What are the differences between mid efficient furnaces and high efficient furnaces? Are there ‘real’ savings and how does the price vary?
– Mid-efficient furnaces are in most cases eighty percent efficient. To translate, every dollar that you spend on gas, eighty cents is used to heat your house, twenty cents goes out the chimney. A high-efficient furnace is ninety-four percent efficient, ninety-four cents is spent on heating and only six cents goes out the chimney. 🙂
Mid-efficient furnaces draw air from the house to provide oxygen to the burner. This is accomplished by a power exhauster, drawing anywhere from 150 cfm [cubic ft of air per minute] to 200 cfm. This is warm air you have already paid to heat. A high efficient furnace has intake and exhaust piping directly to and from the outside. Therefore air is not taken from the house to provide oxygen to the burner. The payback on a hi-efficient over a mid-efficient would be less than two years in most cases.
What can I do to control the humidity levels in my home?
– Humidity levels can be reduced by using a variable speed furnace as part of your HVAC system. Variable speed units run longer, at lower speeds, allowing air to constantly circulate against the cooling coil and remove more moisture. Variable-speed motors also use less electricity than regular motors, reducing your energy costs.
Part three of our commonly asked questions….this post is all about gas furnaces.
If I smell gas, what should I do?
– If a gas odor is noted inside your home, the following steps are recommended: All phone calls should be made from outside the home. Do not use the phone inside the home or turn any power or light switches off or on during this time. Then contact 1) the local Fire Department , 2) your gas company, and 3) your heating contractor.
I’ve had a gas furnace for many years. Everything seems fine, but I have been getting headaches after being in my home for short periods of time. What should I do?
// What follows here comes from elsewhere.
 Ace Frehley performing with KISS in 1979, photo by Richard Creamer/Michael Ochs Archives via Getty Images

– Contact one of the three above. A service call may expose a furnace problem needing correction. The single biggest concern is possible carbon monoxide exposure. Fire departments, gas suppliers, and heating contractors should all be able to use testing instruments to verify this problem. Provide an opening [crack window or door] to provide fresh air inside your home while waiting for this to be done.
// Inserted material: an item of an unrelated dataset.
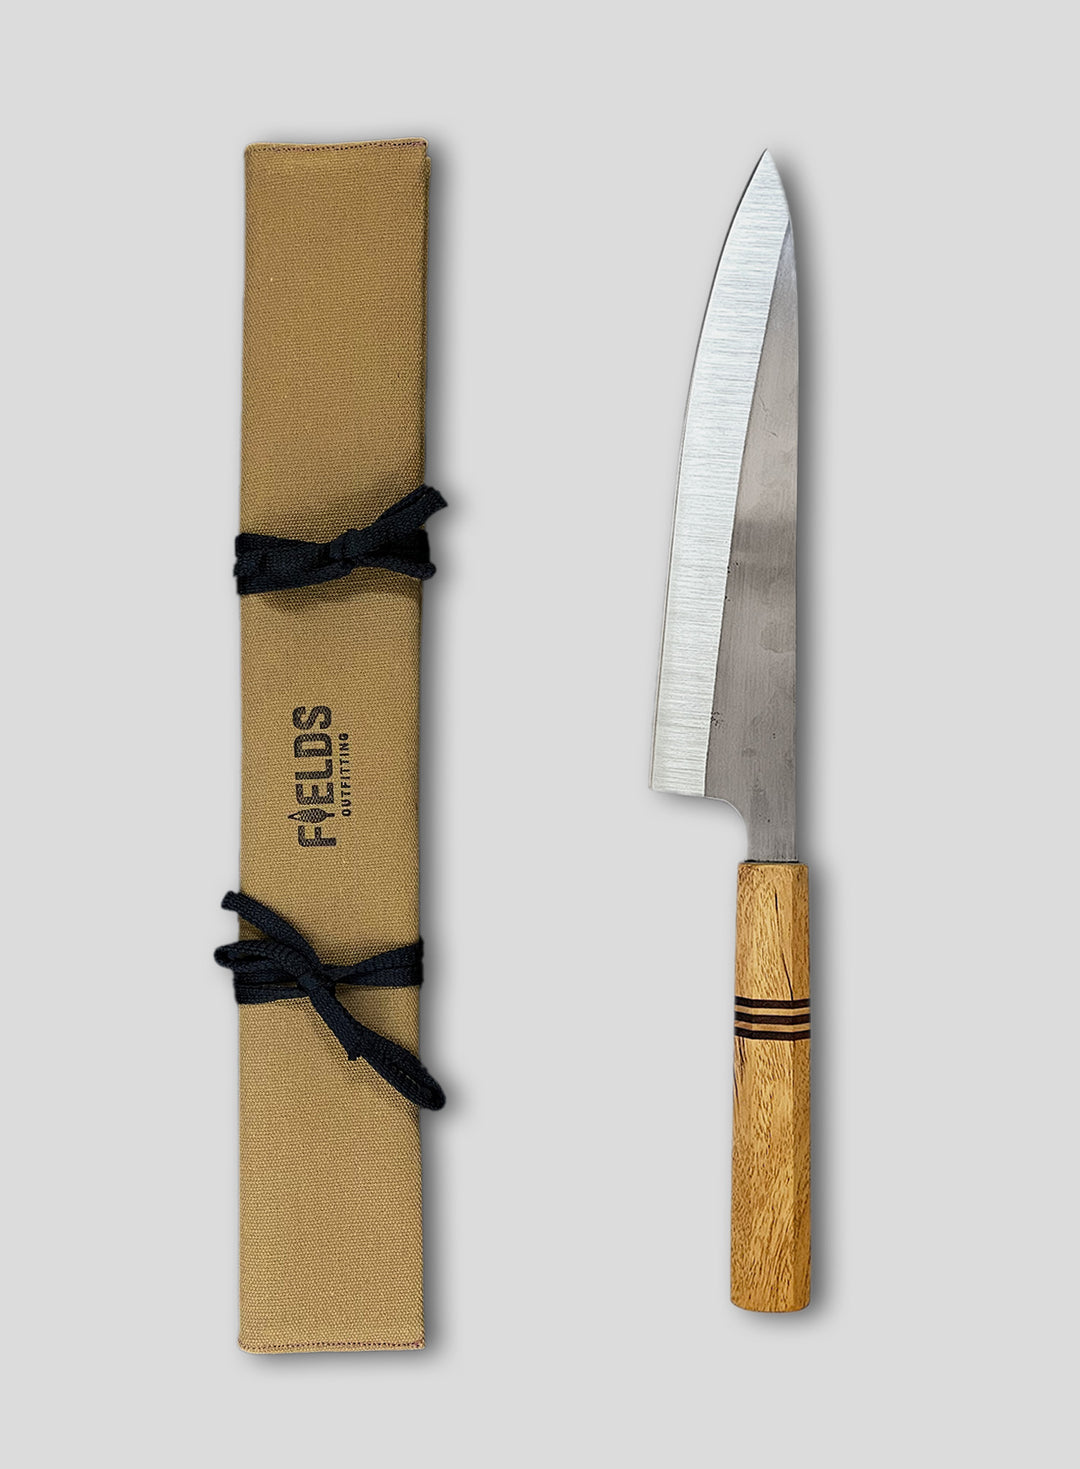 Limited Edition Furia (Yellow Lapacho, Ash and Walnut Handle)

I’ve always had an electric furnace, but I’m considering replacing it with a new gas furnace. Are they safe? Are they efficient?
– When installed correctly and inspected properly, a gas furnace installation should be safe. The highest efficiency we can offer at this time is 98.2%, which means less than three cents of every dollar spent going out the exhaust. This is a significant savings when compared to teh twenty cents of every dollar loss in an 80% efficiency model, the industry minimum.
How does the furnace type affect the ‘feel’ of the air blowing from the vents?
– All fossil fuel-type furnaces [i.e., gas, oil, coal] produce the warmest air coming out of the registers. Fossil fuel furnaces are more comfortable than heat pumps.